Карен чувствует, как внутри что-то переворачивается и на нее накатывает дурнота. Сердце щемит печаль о детях, которым не дано родиться, о детях, которые родятся на свет нежеланными, о чужих детях. И о детях, которые умирают. Детях желанных и любимых, но внезапно отнятых. Одни совершенно естественно заводят детей, одного за другим, и ничуть не удивляются такому дару. А другие этого лишены.
Анне-Марии пришлось не только осознать, что муж изменил ей. Он ждал ребенка от другой женщины. Она горюет, что не в состоянии забеременеть, а ее муж станет отцом. И все произошло прямо у нее на глазах, там, где, как ей казалось, она нашла спокойный приют.
— Продолжайте, — без всякого выражения говорит Карен.
Джанет косится на гостью, подвигает ей чайник и пустую чашку, продолжает:
— Как я уже говорила, мы уехали из усадьбы как раз перед тем, как Ингеле пришло время родить, и только пересказываем то, что прошлым летом узнали от Дисы. Раньше мы тоже ничего не знали, она ни слова не говорила, пока Тумас был жив.
Карен кивает:
— Значит, Ингела оставила Сюзанну у Пера, когда они вернулись в Швецию? Он ведь был ее отцом, так что, пожалуй, особо удивляться не приходится.
Я бы скорее руку дала на отсечение, чем оставила своего ребенка, думает она.

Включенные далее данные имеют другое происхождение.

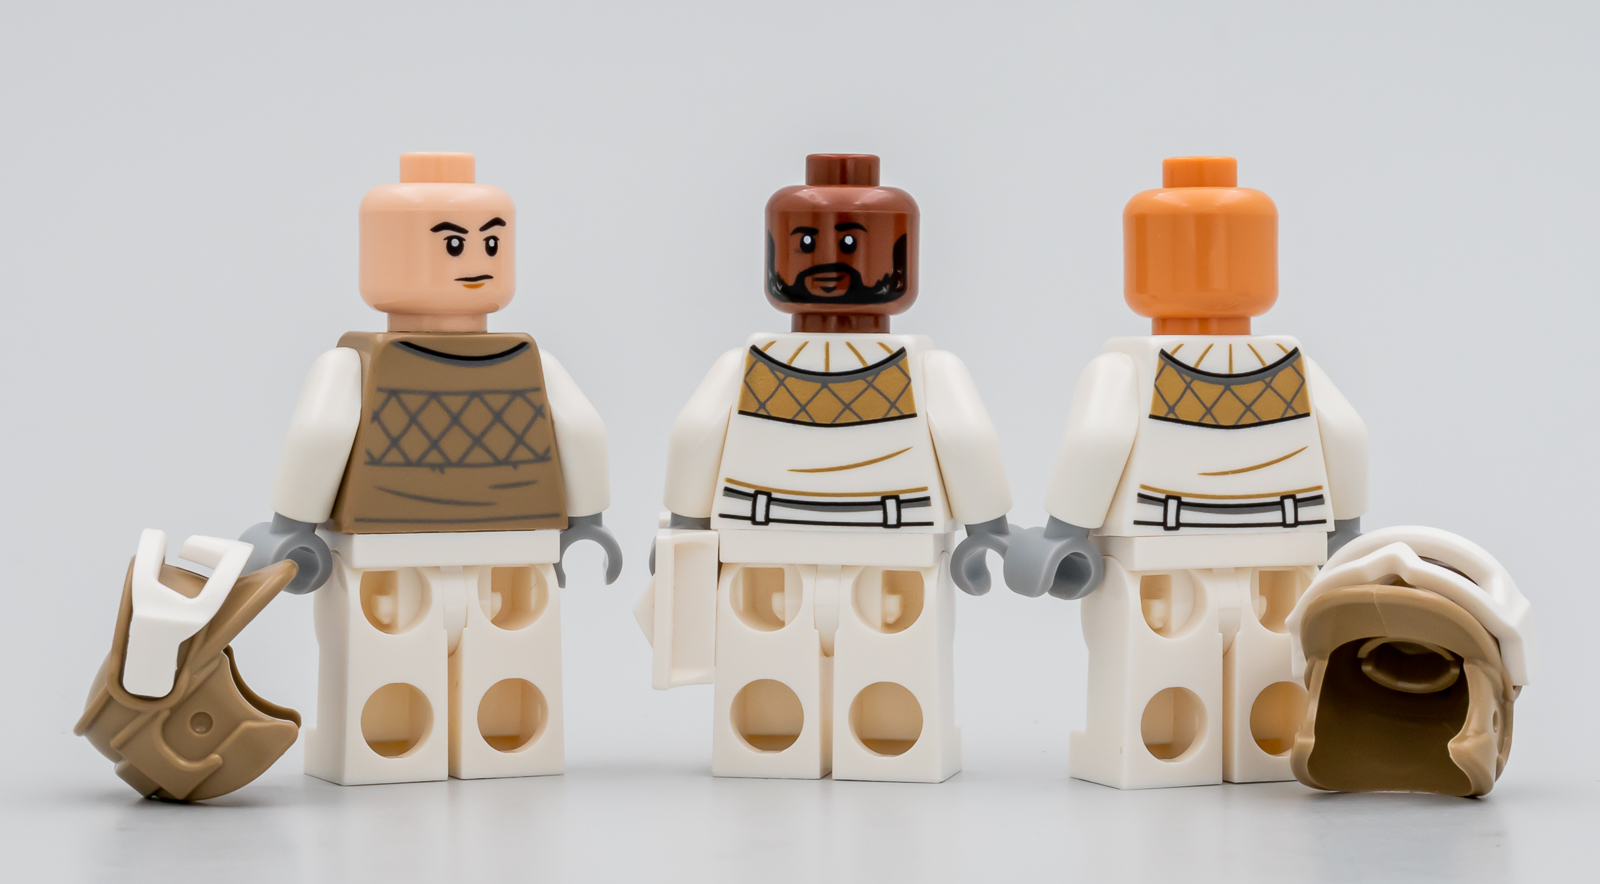 LEGO Defense of Hoth 40557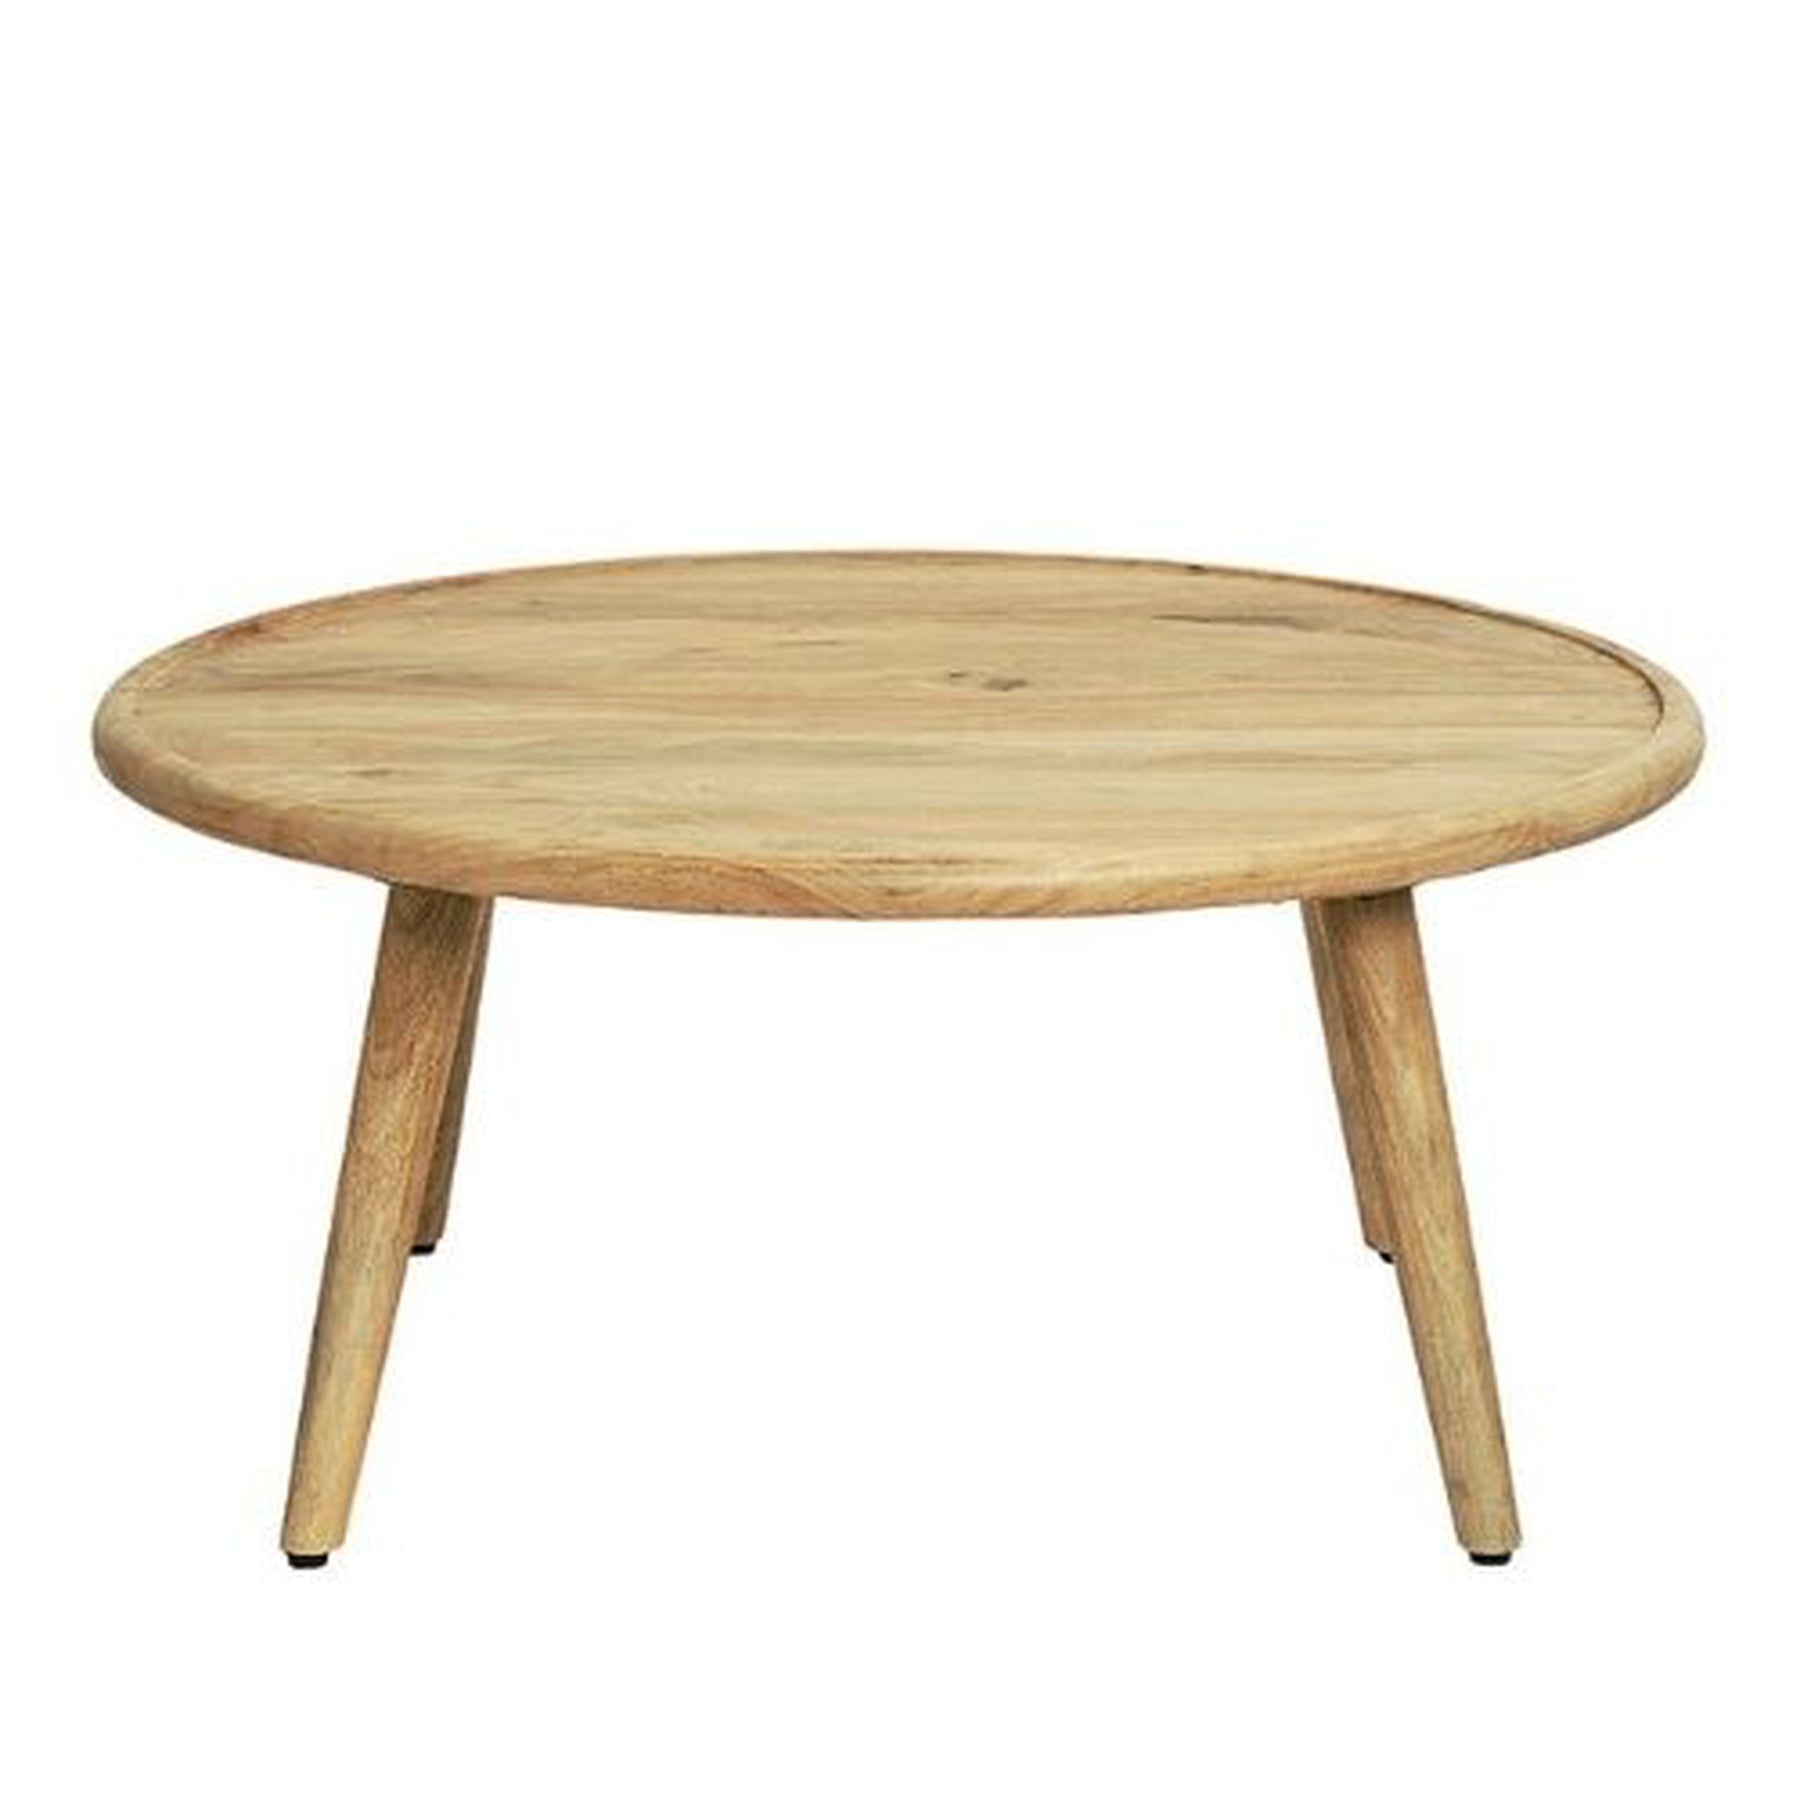 Grande table basse ronde en bois massif rétro

— Они оставили одну девочку. Вторую она и Тумас забрали с собой, в Швецию.
71
На кухне повисает тишина. Двое детишек. Не один. И все же Карен потрясена не тем, что у Сюзанны была сестра. Она отчаянно пытается отыскать логику в услышанном от Джанет. Разделить двоих детей, одного оставить, второго отдать. Сделать выбор.
— Судя по всему, им пришлось срочно уехать, — говорит Джанет. — Один ребенок был с самого начала очень слаб и требовал больше ухода, чем могла обеспечить Диса. Ингела вконец изнемогла, ей было не до детей. Они тщетно пытались заставить ее кормить малышей, ничего не получалось, слабенькая девочка все больше теряла в весе, хотя они пытались давать ей искусственные смеси. И в конце концов было решено уехать в Швецию. Думаю, все решилось за считаные дни.
— Уехать без Сюзанны?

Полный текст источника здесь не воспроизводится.